Roberto Mancini torna a parlare dopo la sconfitta rimediata al San Paolo. Partita che ha tolto la vetta all’Inter, ma non la fiducia nei propri mezzi.

Anzi, proprio a partire dalla gara di Napoli il tecnico nerazzurro ha tratto ottimismo per il prosieguo del campionato. Una rinnovata consapevolezza della struttura della rosa, che, secondo Mancini, può giocarsela con tutti.
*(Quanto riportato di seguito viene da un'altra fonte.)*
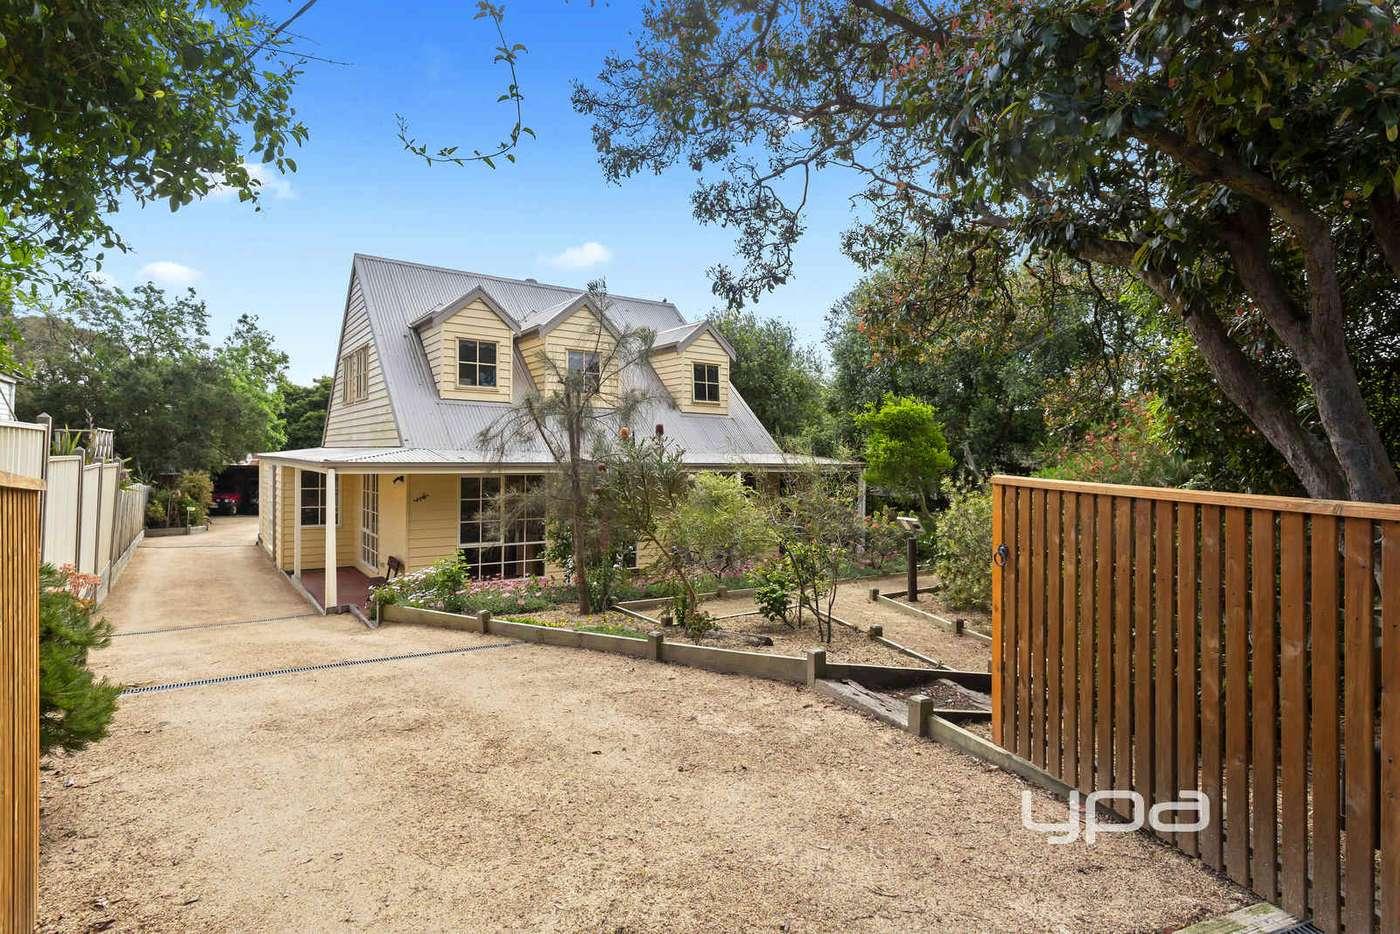 Main view of Homely house listing, 116 Flinders Street, Mccrae VIC 3938

A Napoli avrei voluto vincere con uno striminzito 1-0, invece è andata così”, le parole di Mancini “abbiamo però dimostrato di potercela giocare con squadre più attrezzate di noi (alla faccia dei 100 milioni di euro messi sul piatto nell’ultima sessione di mercato, ndr)”

“Alla fine non si sa mai, in questo campionato non è detto che vinca la più forte. E’ un torneo in cui domina l’equilibrio. La quota scudetto quest’anno sarà più bassa rispetto agli anni scorsi”.

Cosa è accaduto a Napoli? Al di là della sfortuna finale, Mancini spiega cosa è accaduto: “Dopo aver preso il primo gol la squadra ha arretrato il baricentro, dopotutto le grandi squadre hanno bisogno di tutti i calciatori per difendersi. Icardi per questo è rimasto isolato. Una volta rimasti in 10 ho dovuto cambiare”. Periodo no per l’argentino, ma Mancini prevede: “Tra poco tornerà a segnare con continuità, vedrete”.

“A Napoli mi è piaciuto il fatto che la squadra non si è arresa neanche sul 2-0 a sfavore e con un uomo in meno. Ha continuato ad attaccare a testa bassa“.

Ora c’è il Genoa. Chi giocherà contro i rossoblù? Nagatomo squalificato, Perisic in dubbio “ma ce la farà nonostante lo stato febbrile di questi gorni. Handanovic, Miranda, Murillo, Melo e Jovetic andranno in campo”.